Brief:
Return all of the listing word for word; the pictures stay out.

Provided material:
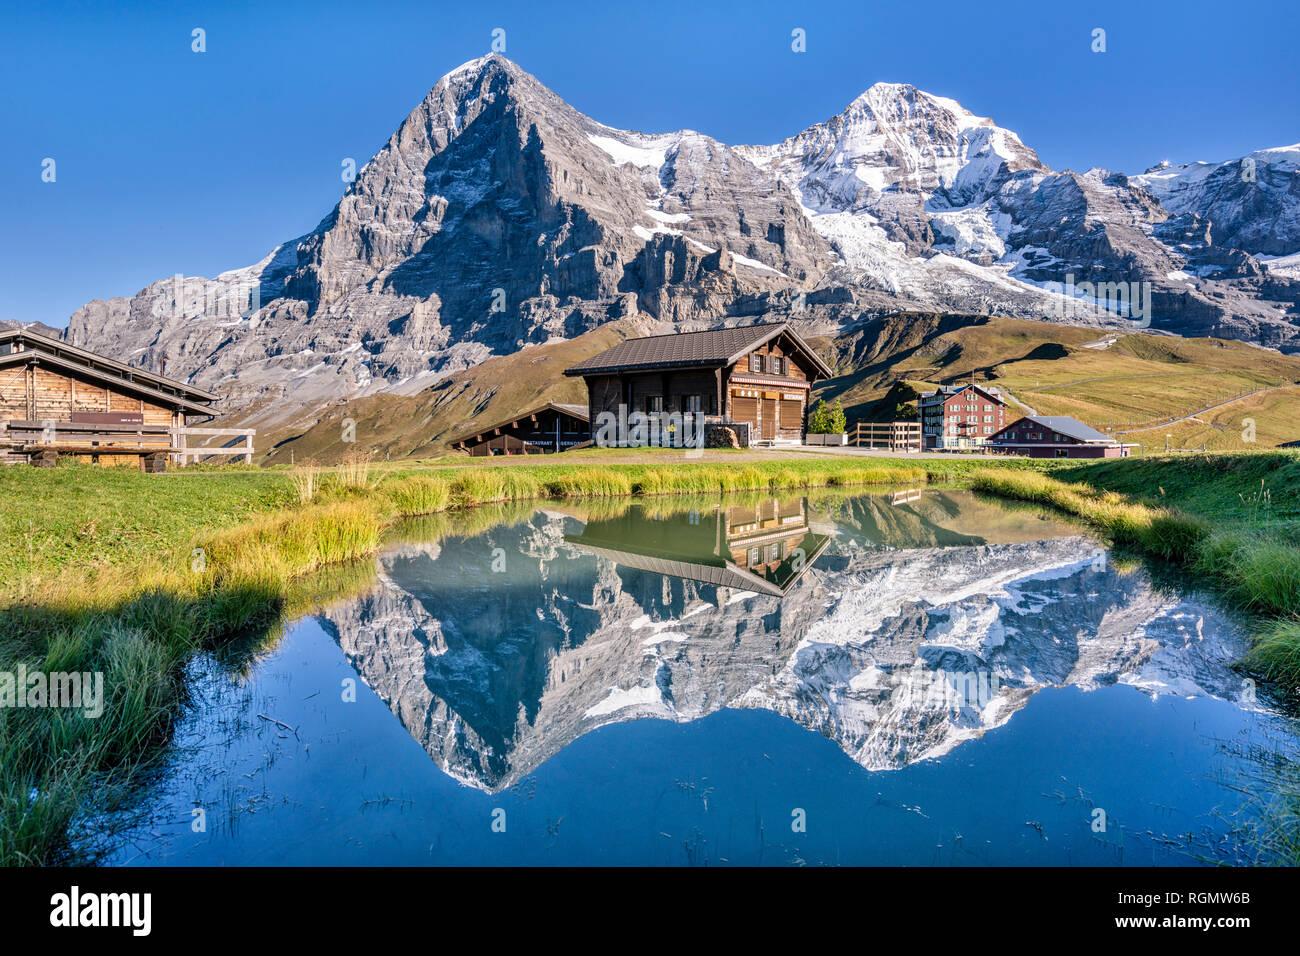 Switzerland, Bernese Oberland, Bernese Alps, Kleine Scheidegg, Eiger, Moench and Jungfrau - Stock Image
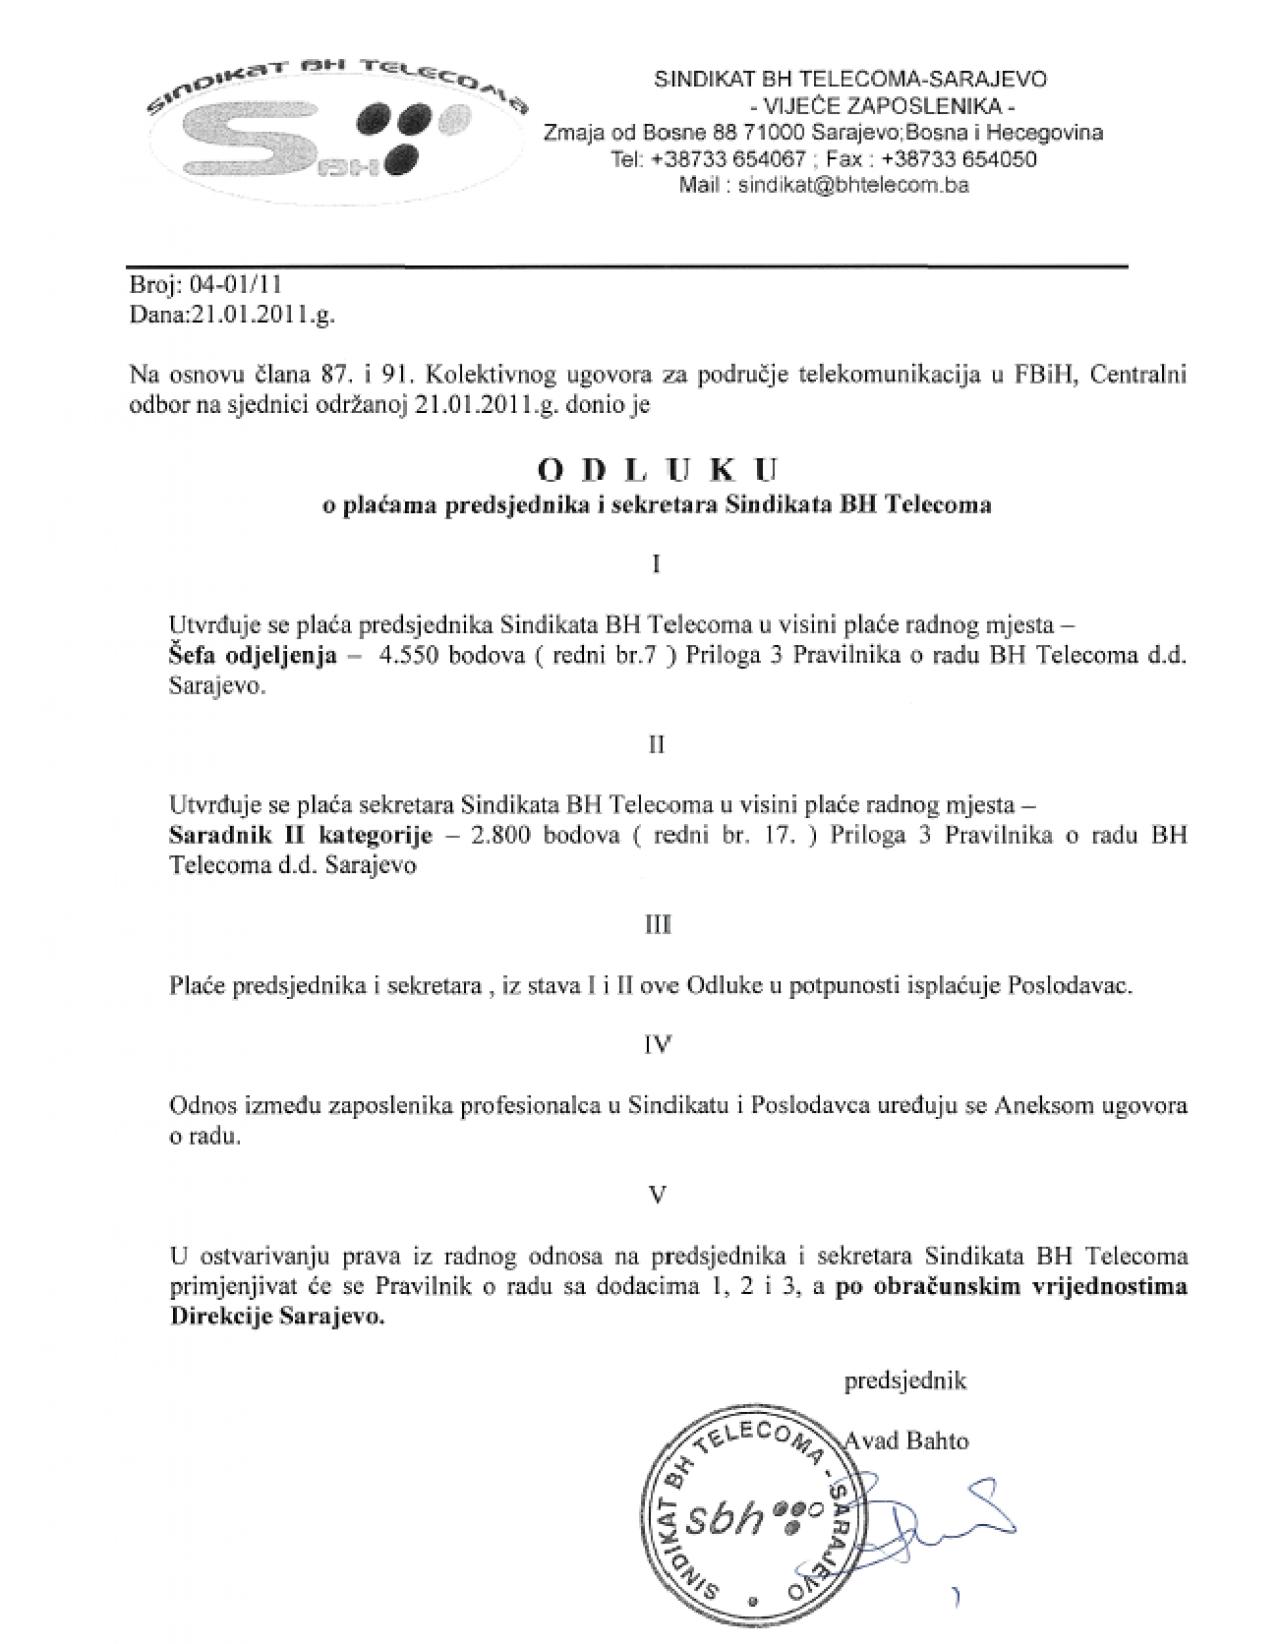 odluka-o-placama-predsjednika-i-sekretara-2011-2012.png
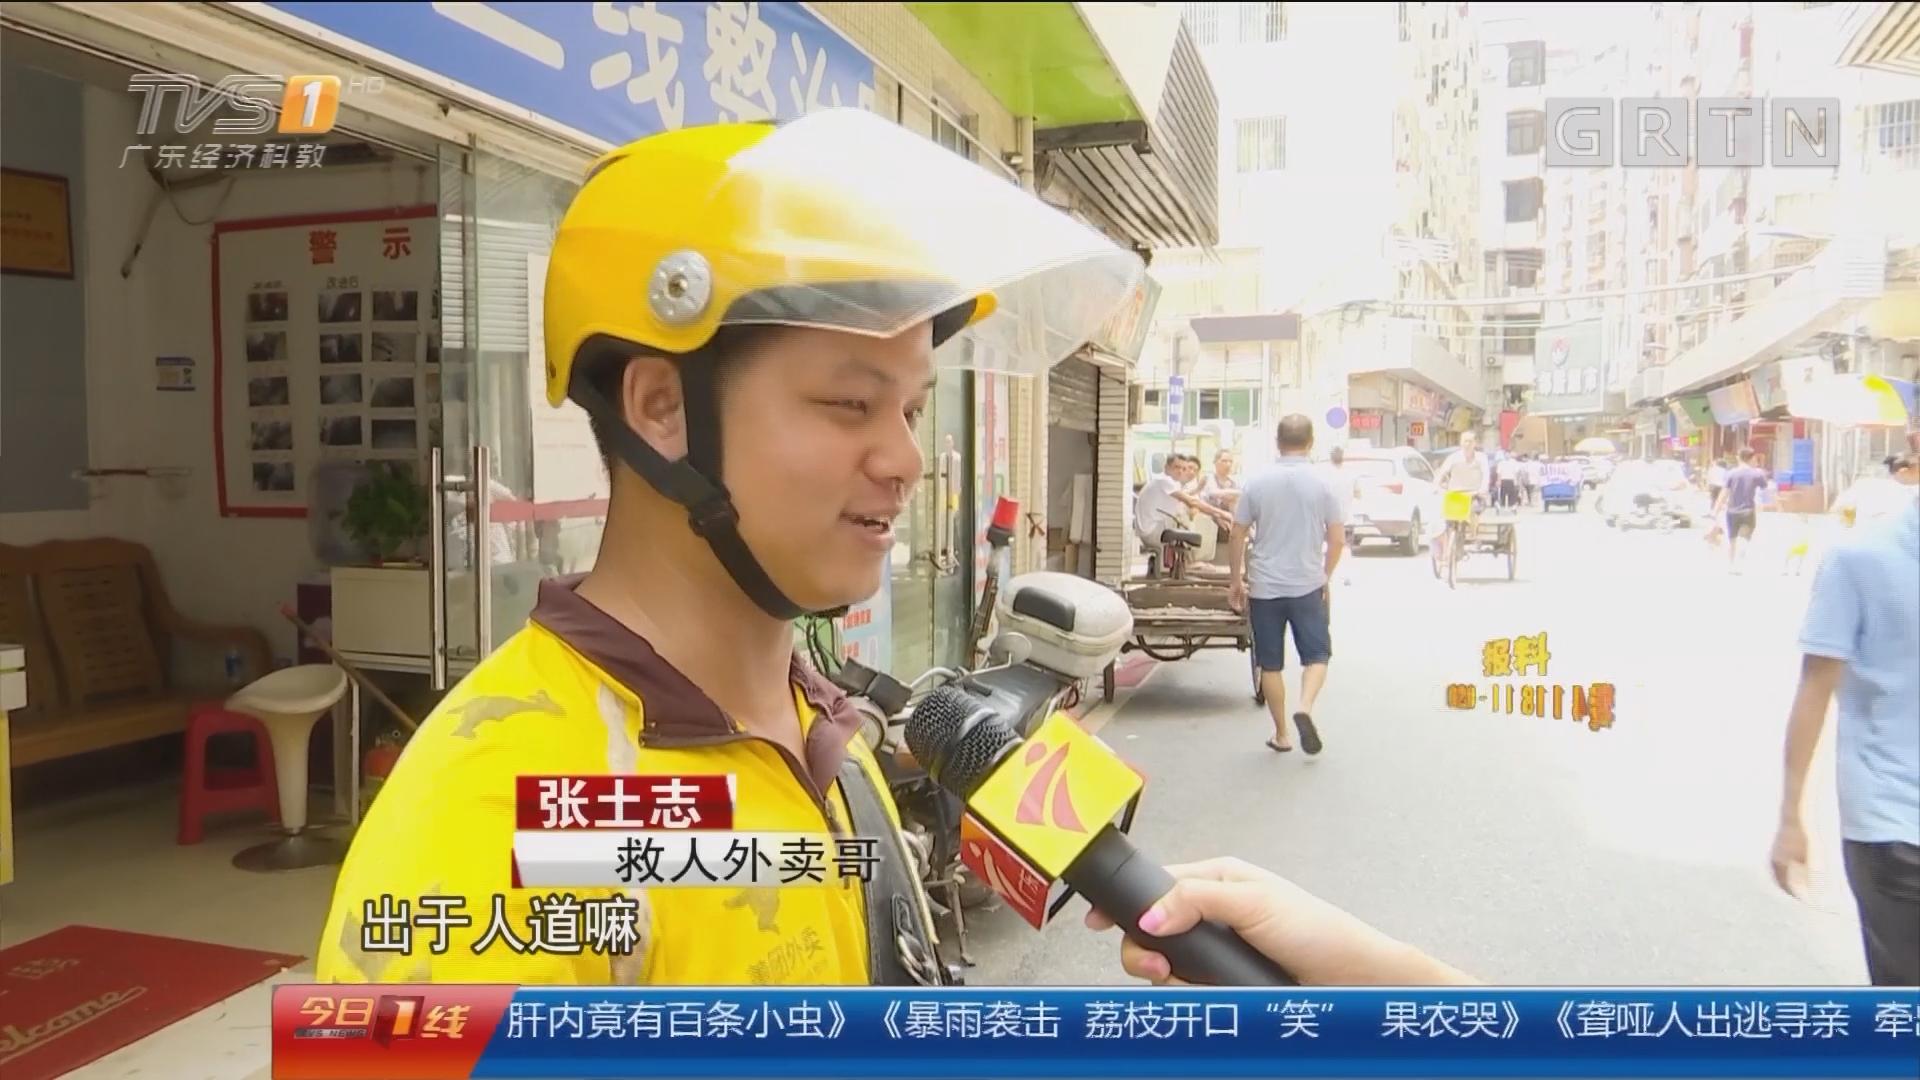 广州白云区:男子暴雨中发病 外卖哥伸出援手
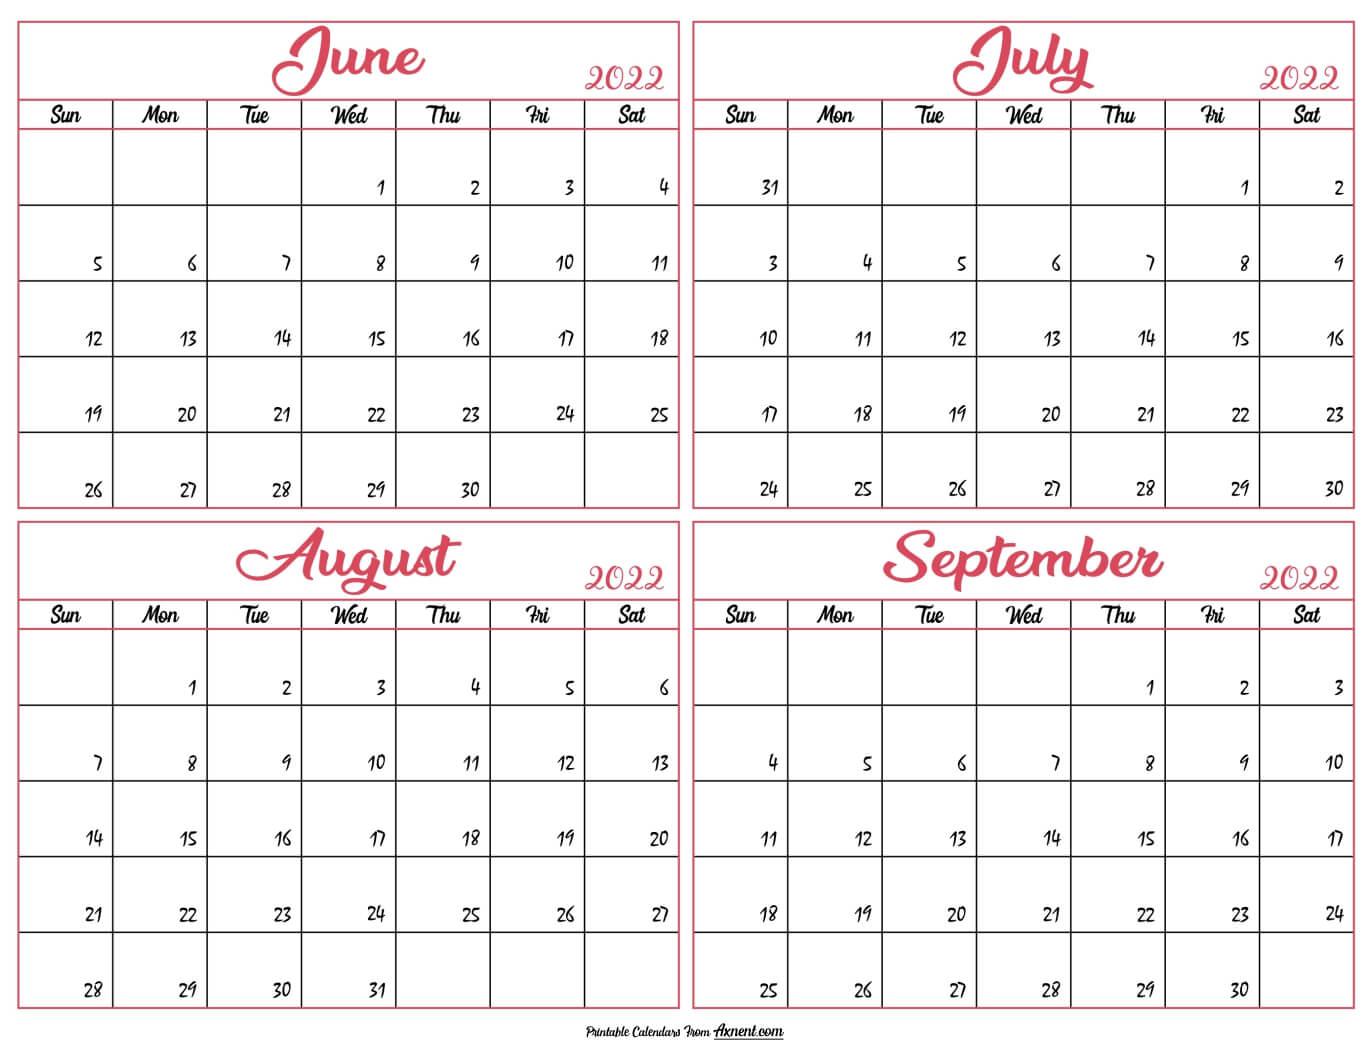 June to September Calendar 2022

Reply to the task:
 Switzerland, Bernese Oberland, Bernese Alps, Kleine Scheidegg, Eiger, Moench and Jungfrau - Stock Image
 odluka-o-placama-predsjednika-i-sekretara-2011-2012.png
 广州白云区:男子暴雨中发病 外卖哥伸出援手
 June to September Calendar 2022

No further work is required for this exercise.